**WHAT THE EXERCISE ASKS**
All of the data below is to be repeated exactly, except for the pictures.

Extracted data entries
=-=-=-=-=

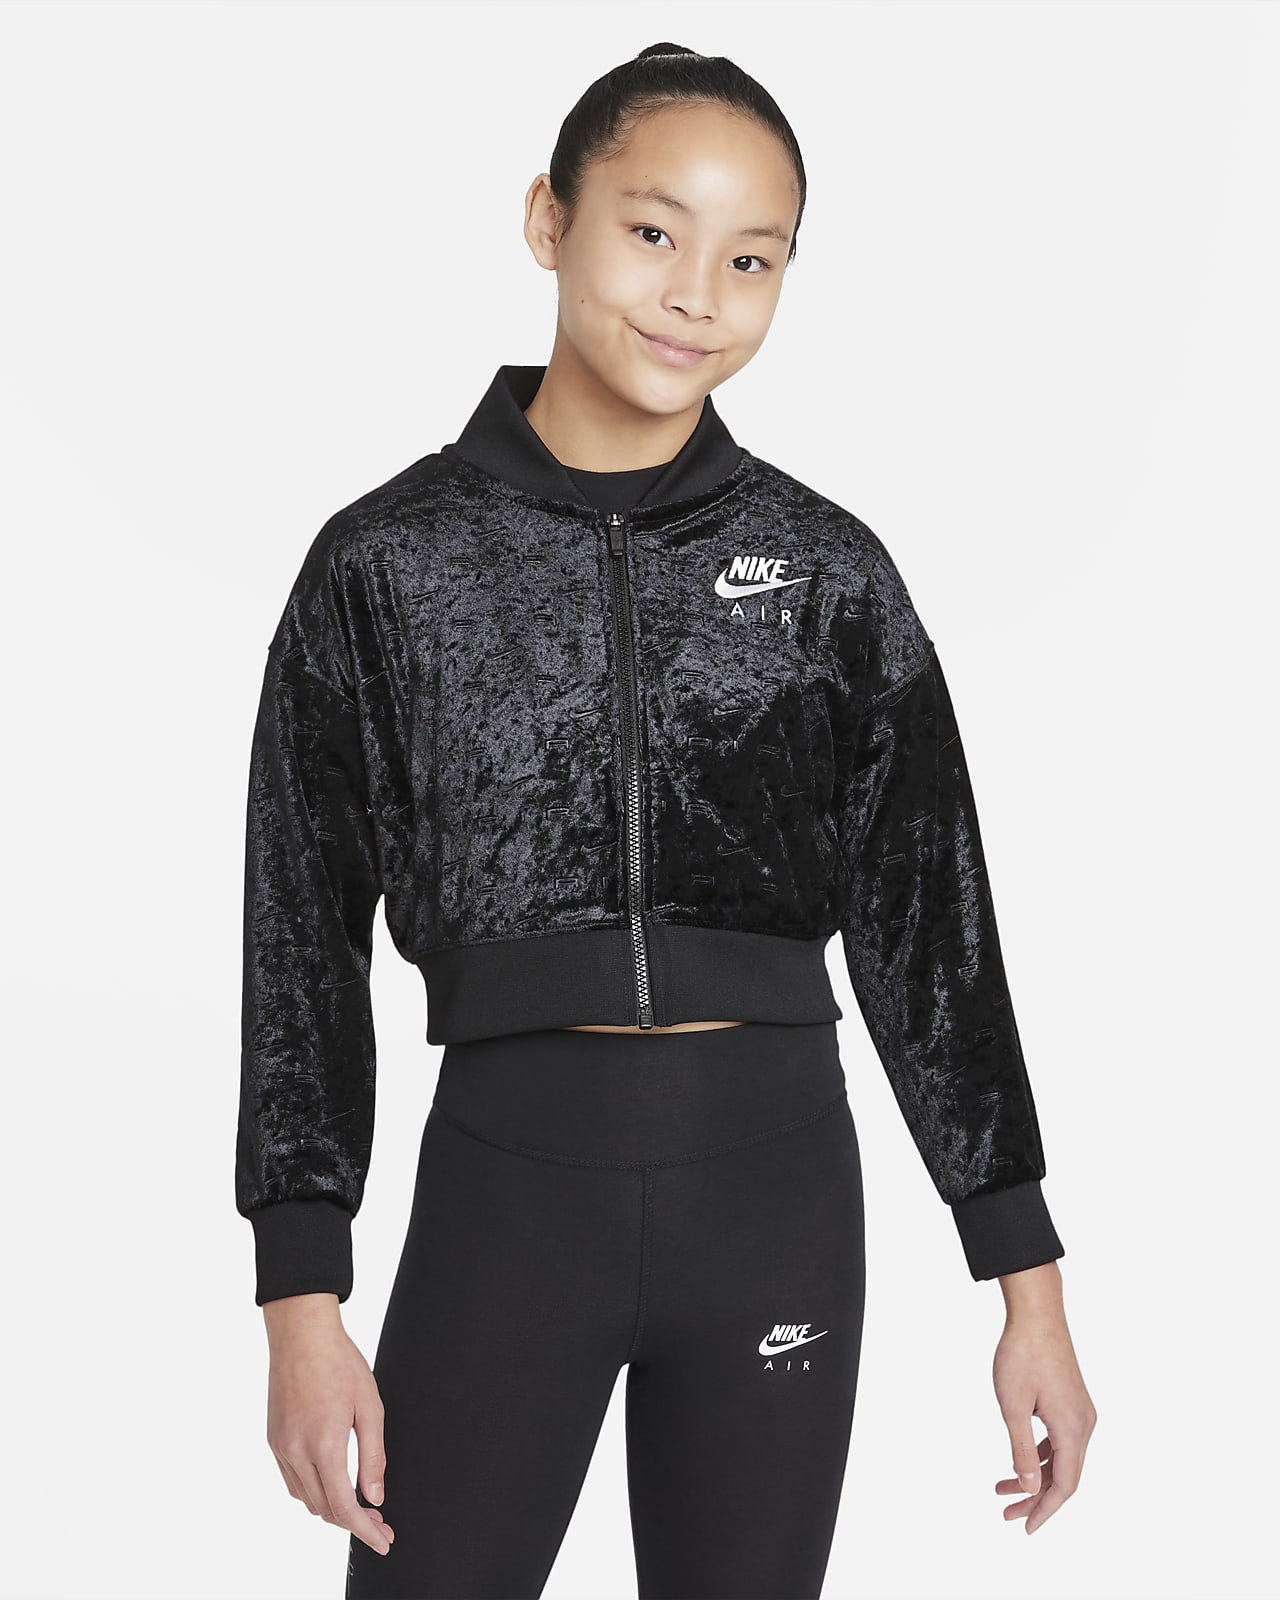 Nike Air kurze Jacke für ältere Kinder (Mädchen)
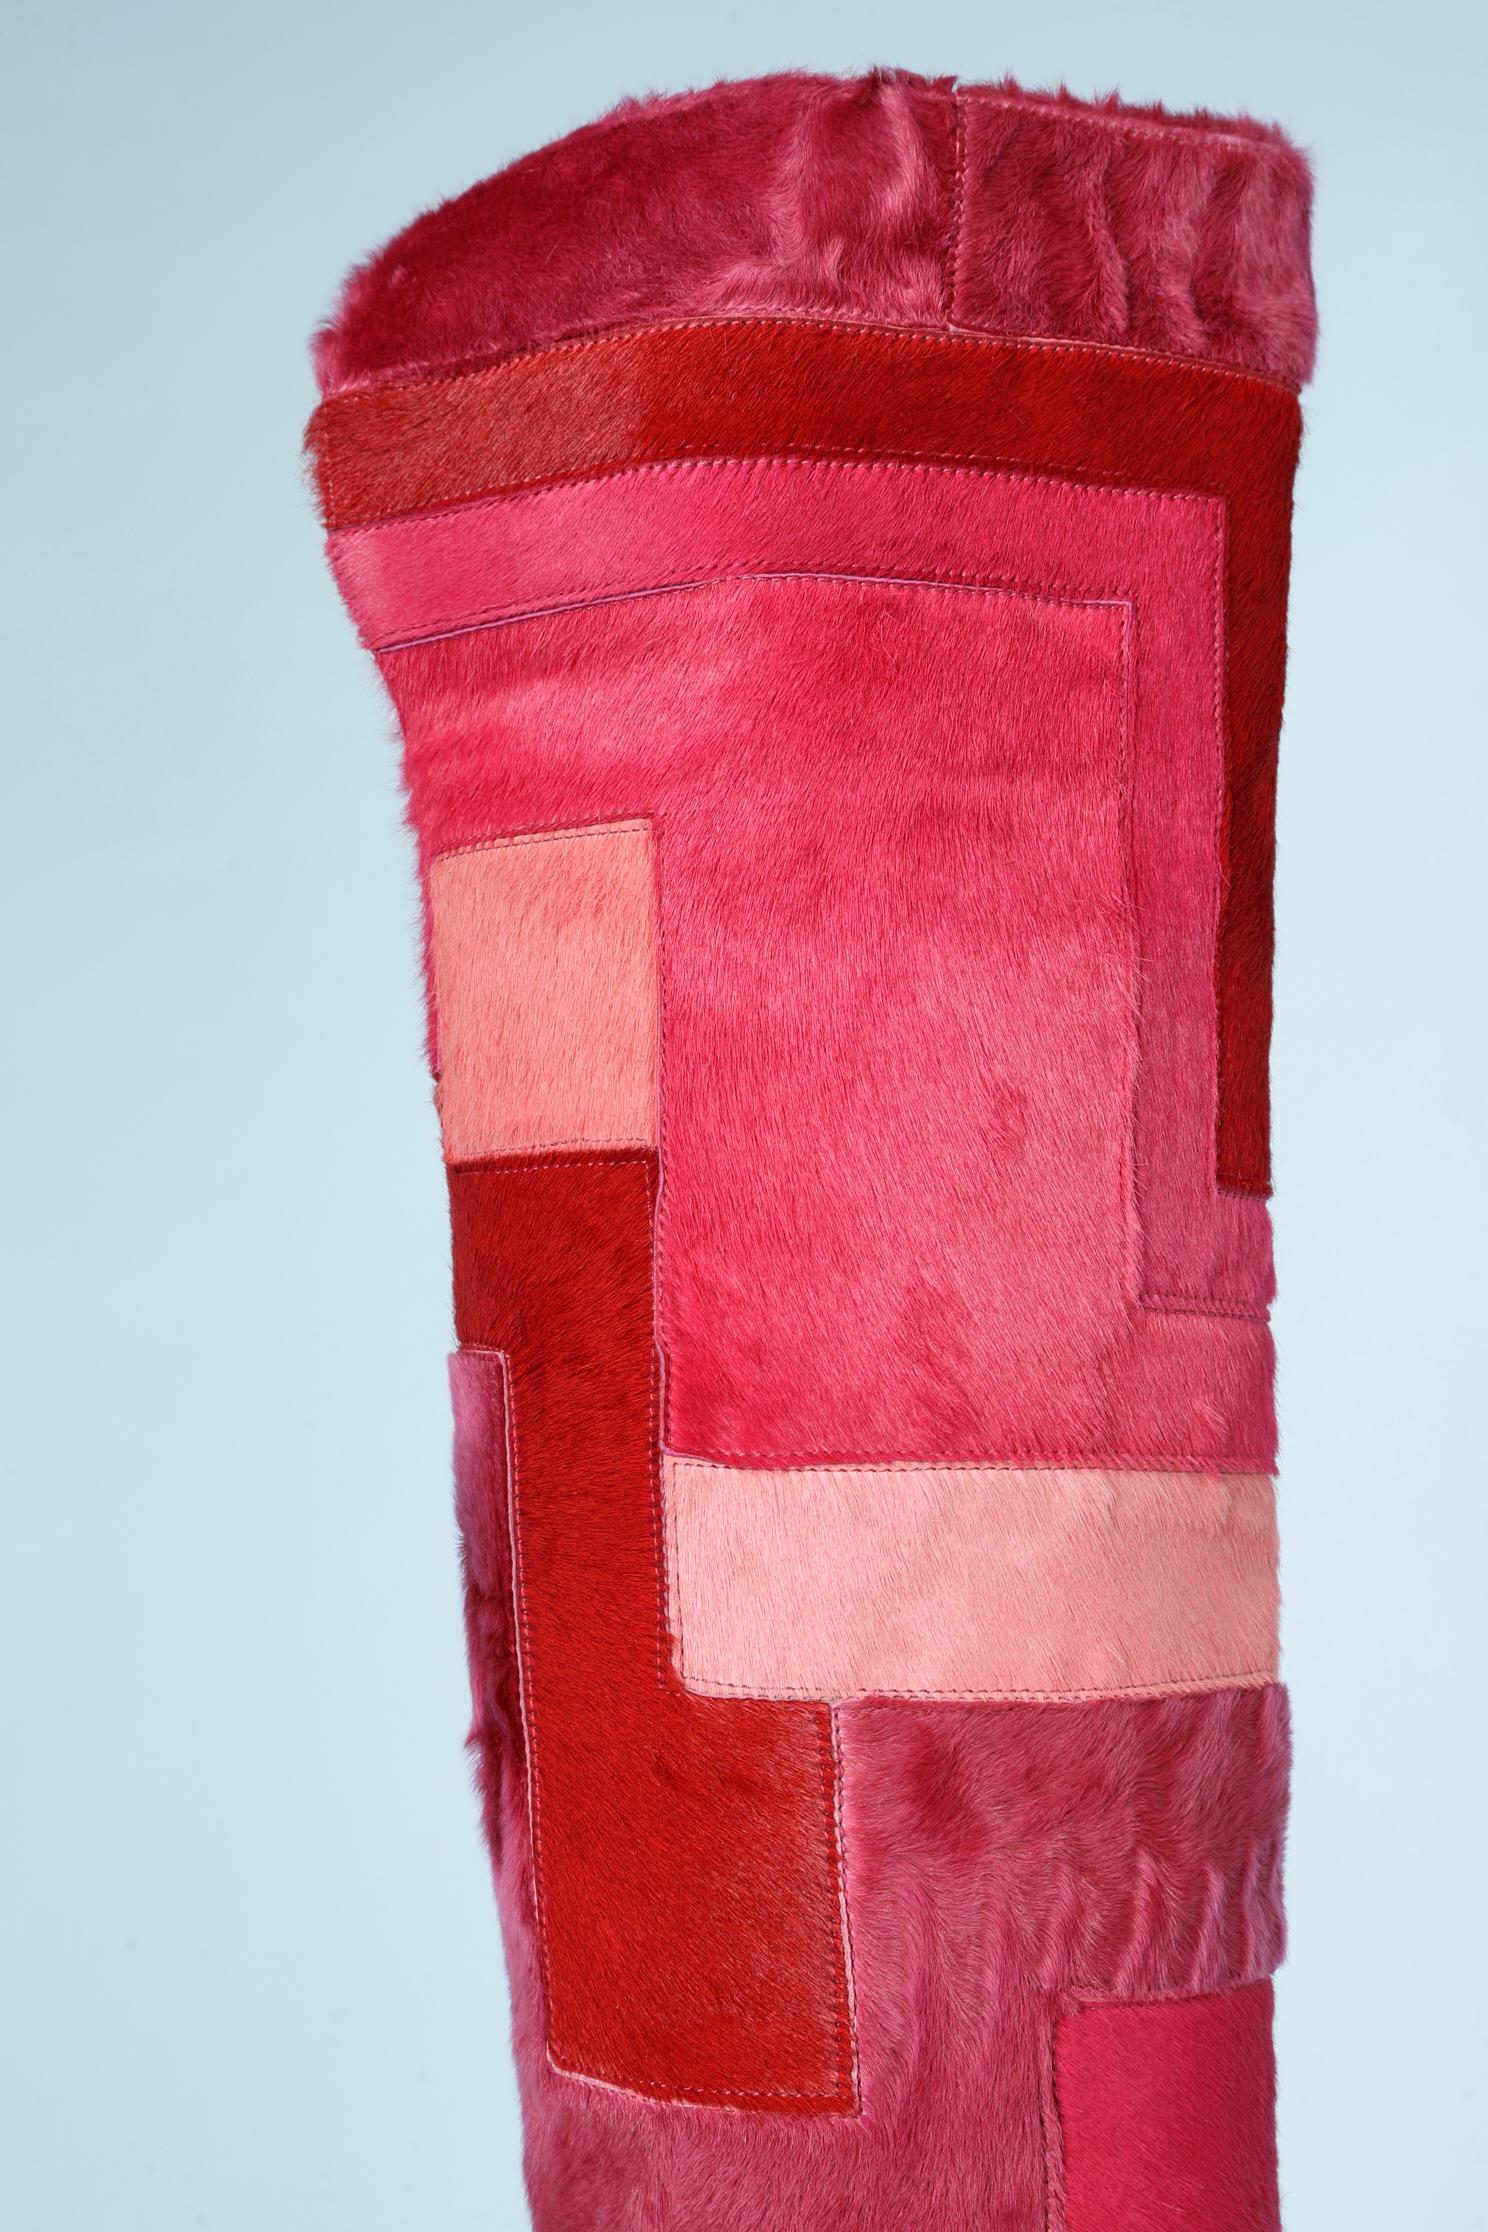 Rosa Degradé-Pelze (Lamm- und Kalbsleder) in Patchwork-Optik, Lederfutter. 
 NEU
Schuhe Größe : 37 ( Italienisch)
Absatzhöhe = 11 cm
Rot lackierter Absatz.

=-=-=-=-=

**TASK SOLUTION**
 Nike Air kurze Jacke für ältere Kinder (Mädchen)
 Rosa Degradé-Pelze (Lamm- und Kalbsleder) in Patchwork-Optik, Lederfutter. 
 NEU
Schuhe Größe : 37 ( Italienisch)
Absatzhöhe = 11 cm
Rot lackierter Absatz.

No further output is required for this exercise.